Nonterminals cause calls to other functions generated for the other rules.
Kleene* maps to while loops, alternations map to conditional branches. What EBNF doesn't address,
and the metacompilers do, is how does parsing do anyting other than saying "matched" or not?
The secret is weaving output operations into the EBNF. The MetaII paper makes all this crystal clear.
Neither is harder than the other. It is really the difference between implementing something iteratively and implementing something recursively. In BNF, everything is recursive. In EBNF, some of the recursion is expressed iteratively. There are different variations in EBNF syntax, so I'll just use the English... "zero or more" is a simple while loop as you have discovered. "One or more" is the same as one followed by "zero or more". "Zero or one times" is a simple if statement. That should cover most of the cases.
The early meta compilers META II and TREEMETA and their kin are not exactly recursive decent parser. They were were stated as using recursive functions. That just meant they could call them selves.
We do not call C a recursive language. A C or C++ function is recursive in the same way the early meta compilers are recursive.
Recursion can be used. They were programming languages. Recursion is generally used only when analyzing nexted language constructs. For example parenthesized expression and nexted blocks.

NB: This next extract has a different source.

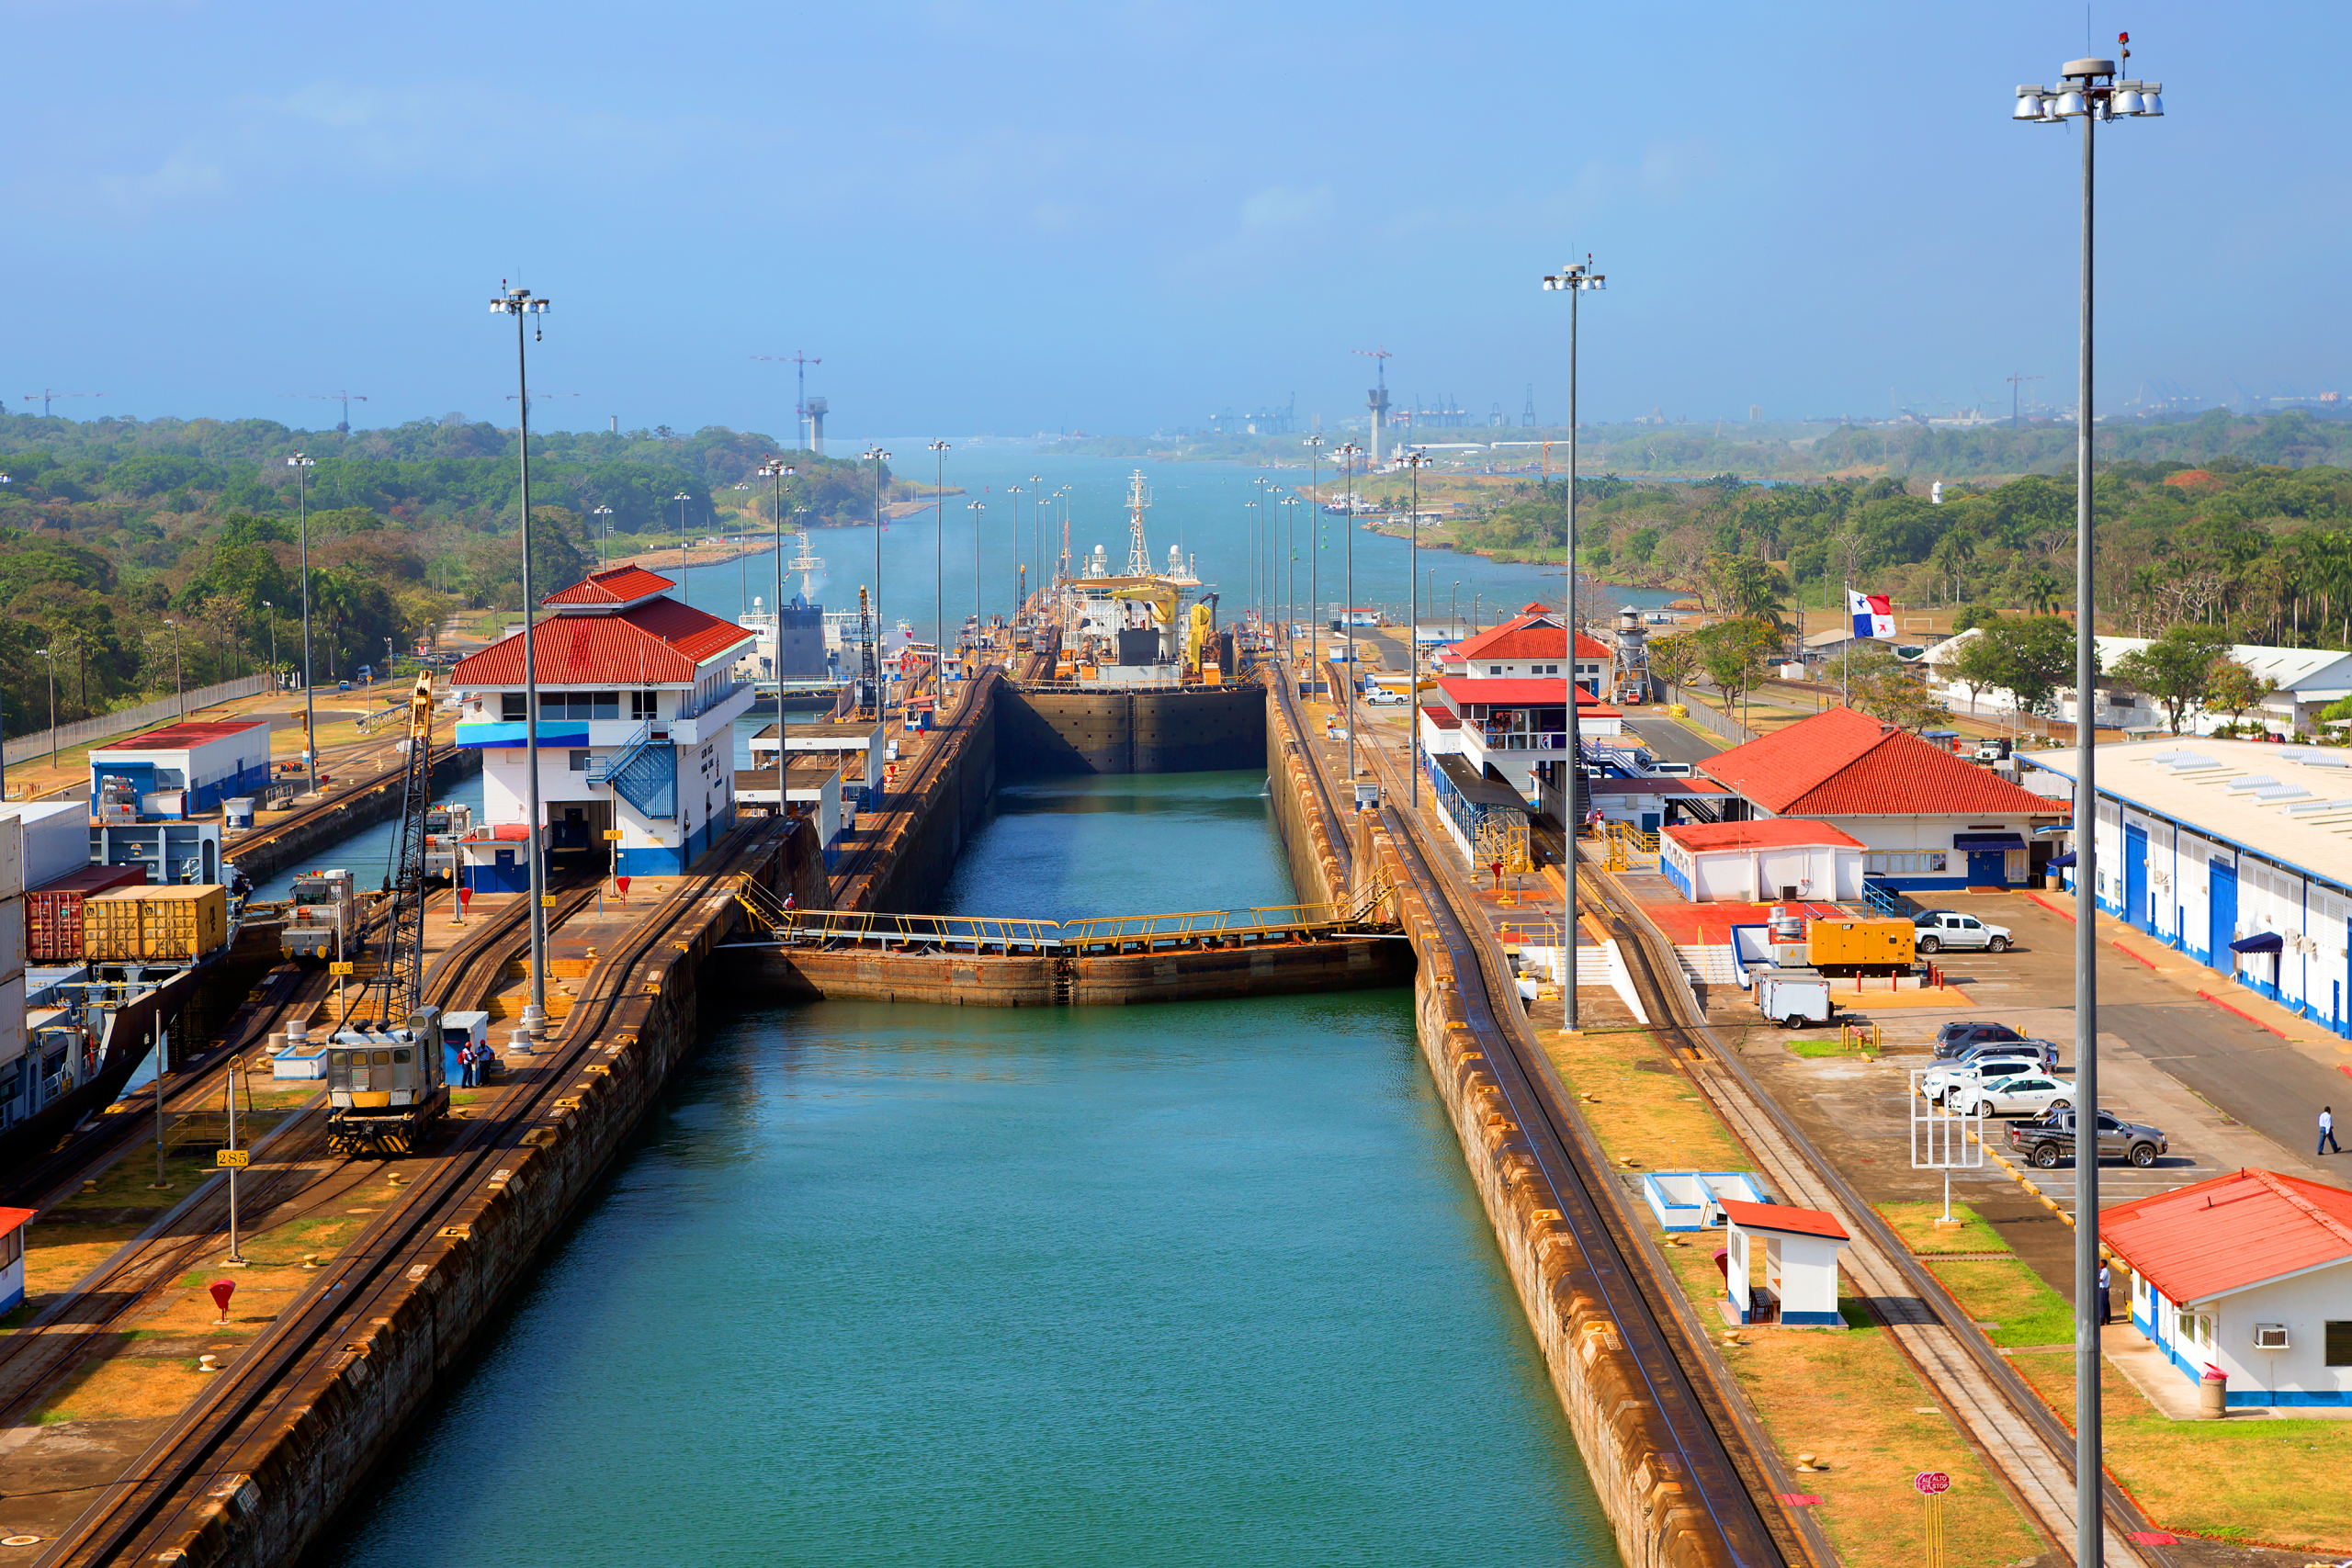 Panamski kanal pušta i neregistrovane brodove, posledice suše sve veće

More of an LR recursive decent combination. CWIC the last documented one has extensive backtracking and look ahead features. The '-' not operator can match any language construct. And inverts it success or failure. -term fails if a term is matched for example. The input is never advanced. The '?' looks ahead and matches any language construct ?expr for example would try to parse an expr. The look ahead '?' matched construct is not kept or is the input advanced.